▸ SOURCE DATA
=== Section Start ===

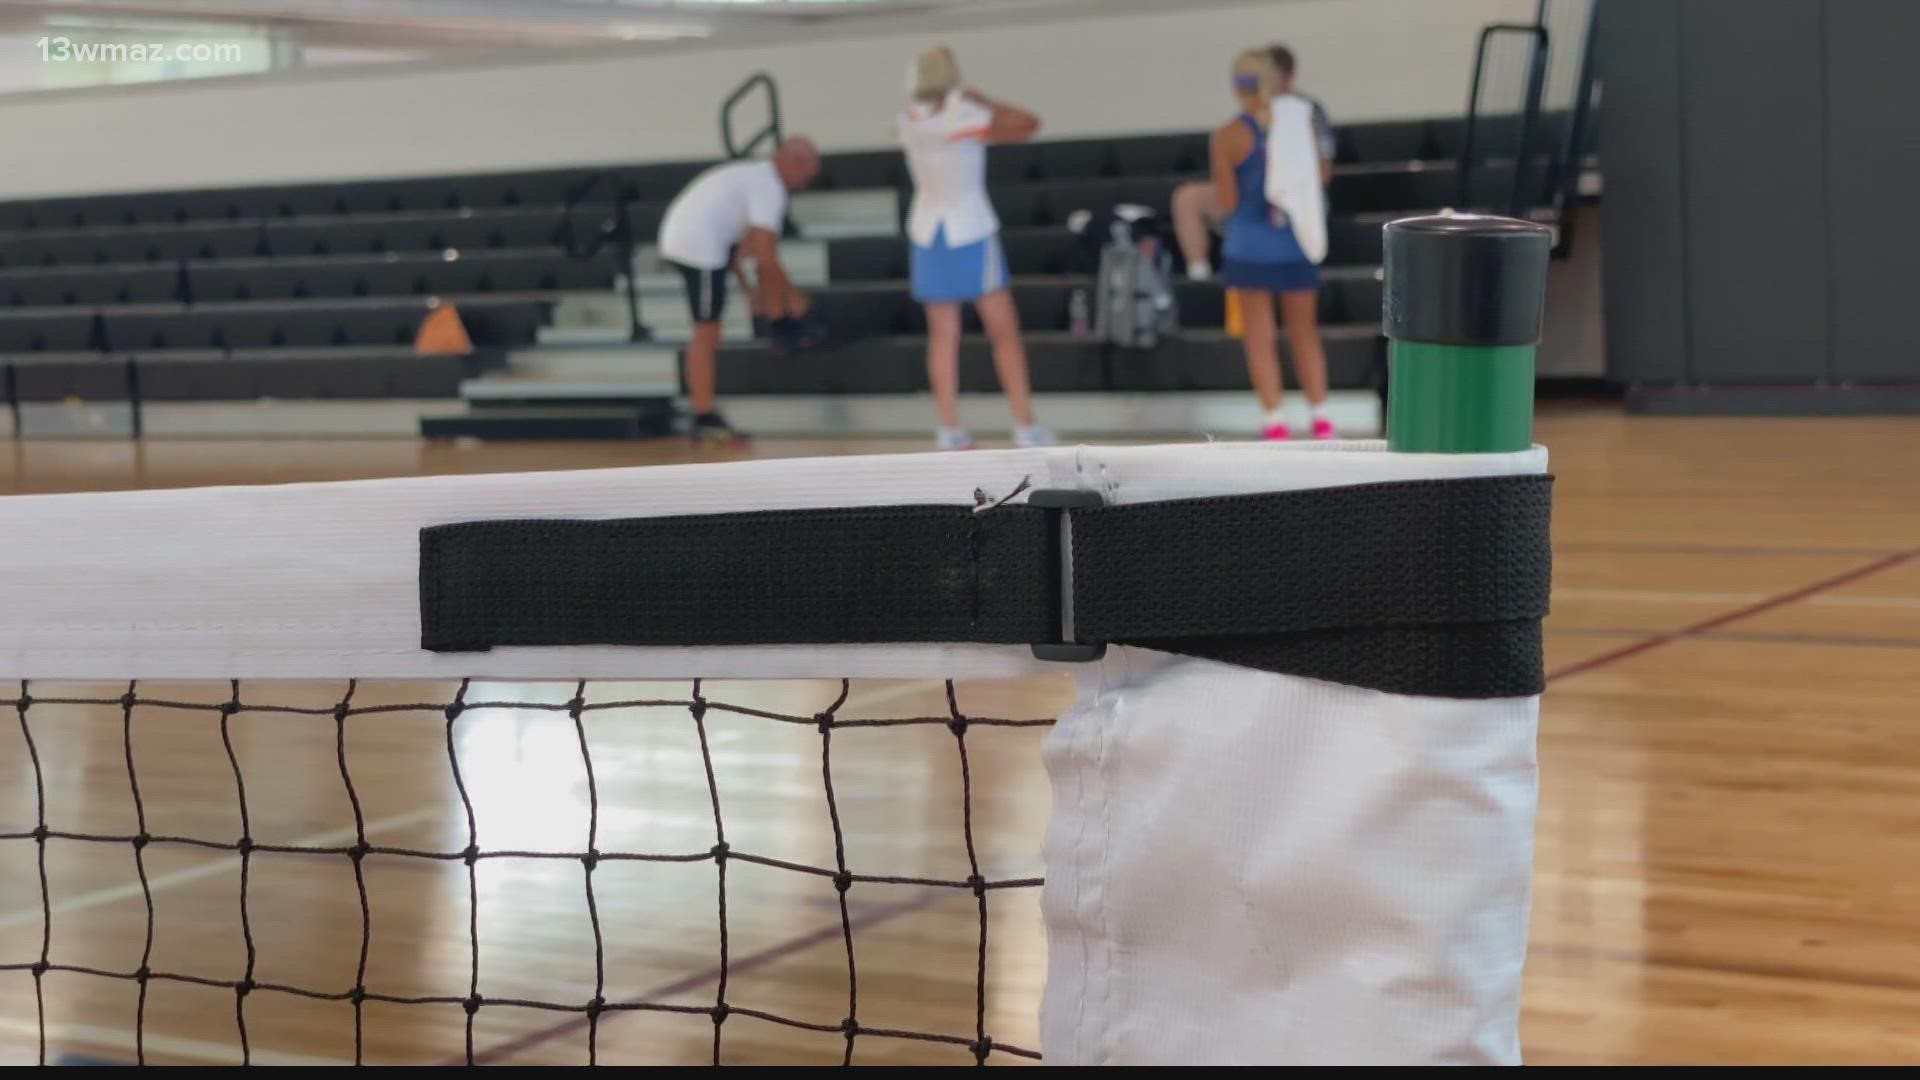 The 37th annual Georgia Golden Olympics started on the pickleball court Tuesday.
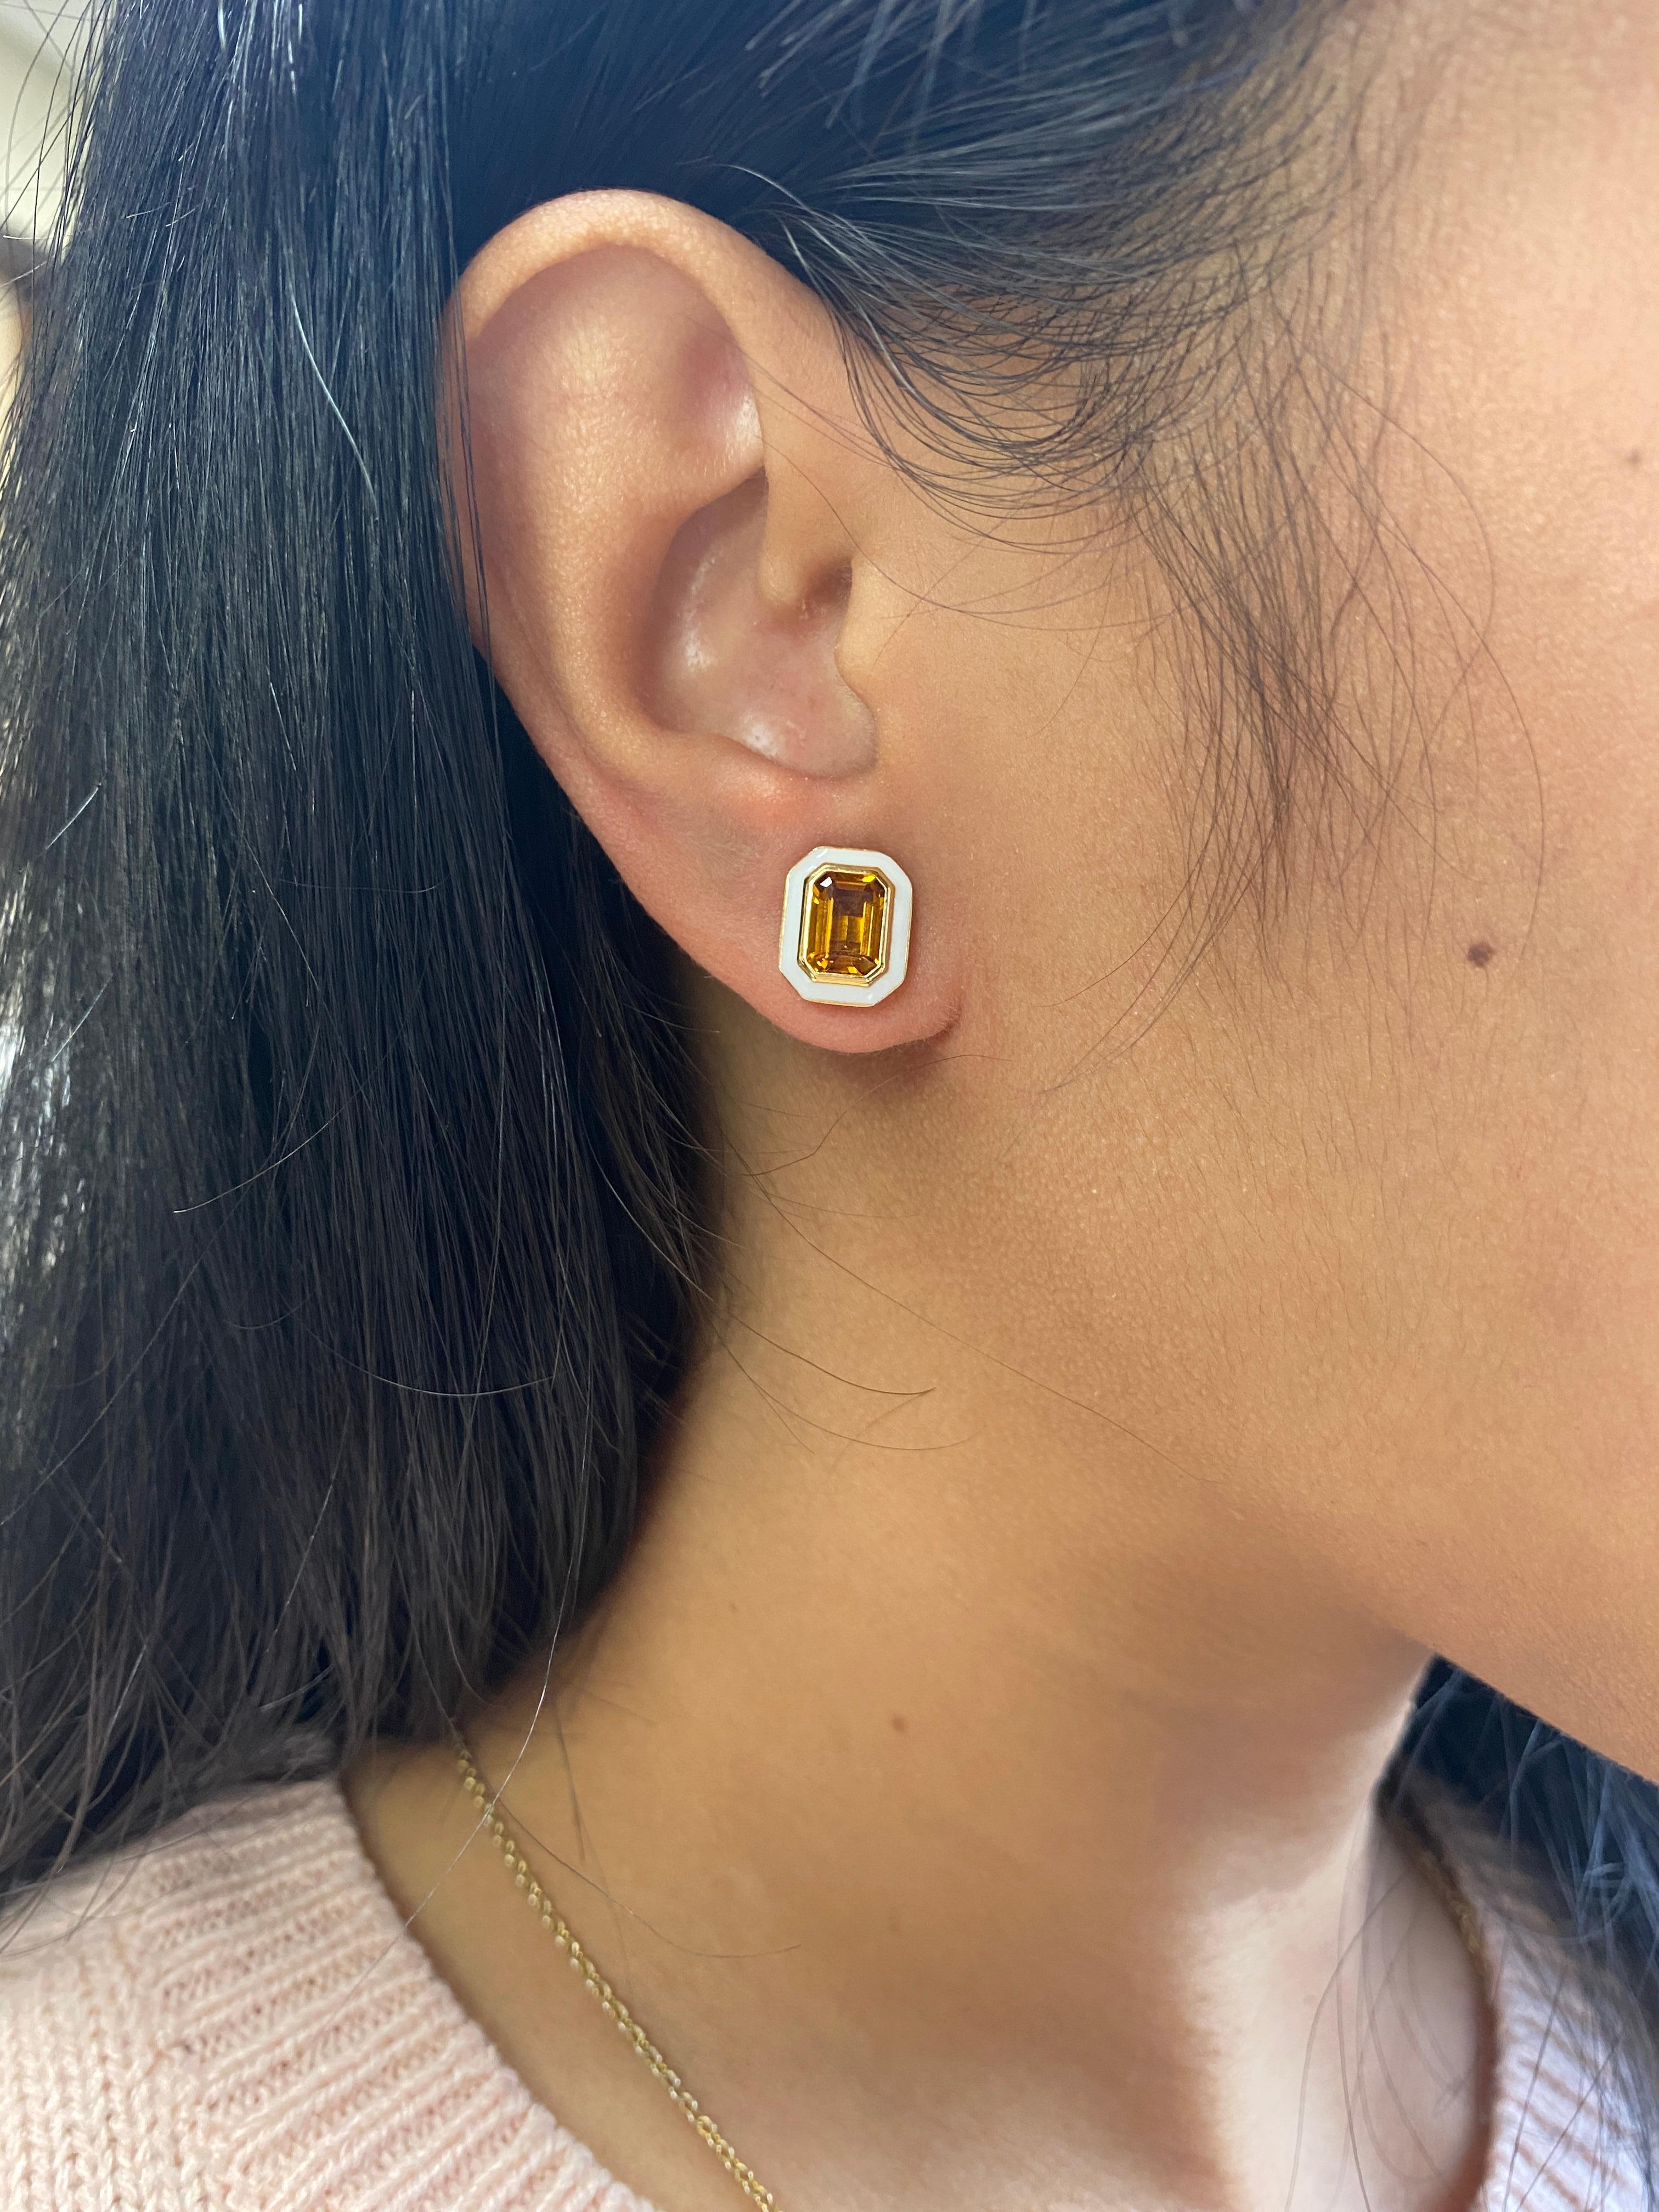 These earrings are a unique combination of Citrine and White enamel. If you want to make a statement these are the perfect earrings to do it!

A pair of 7 x 5 mm Citrine Emerald Cut studs earrings with White enamel. The studs have posts and are held

=== Section End ===

Retype the listing verbatim, minus every image.

 The 37th annual Georgia Golden Olympics started on the pickleball court Tuesday.
 These earrings are a unique combination of Citrine and White enamel. If you want to make a statement these are the perfect earrings to do it!

A pair of 7 x 5 mm Citrine Emerald Cut studs earrings with White enamel. The studs have posts and are held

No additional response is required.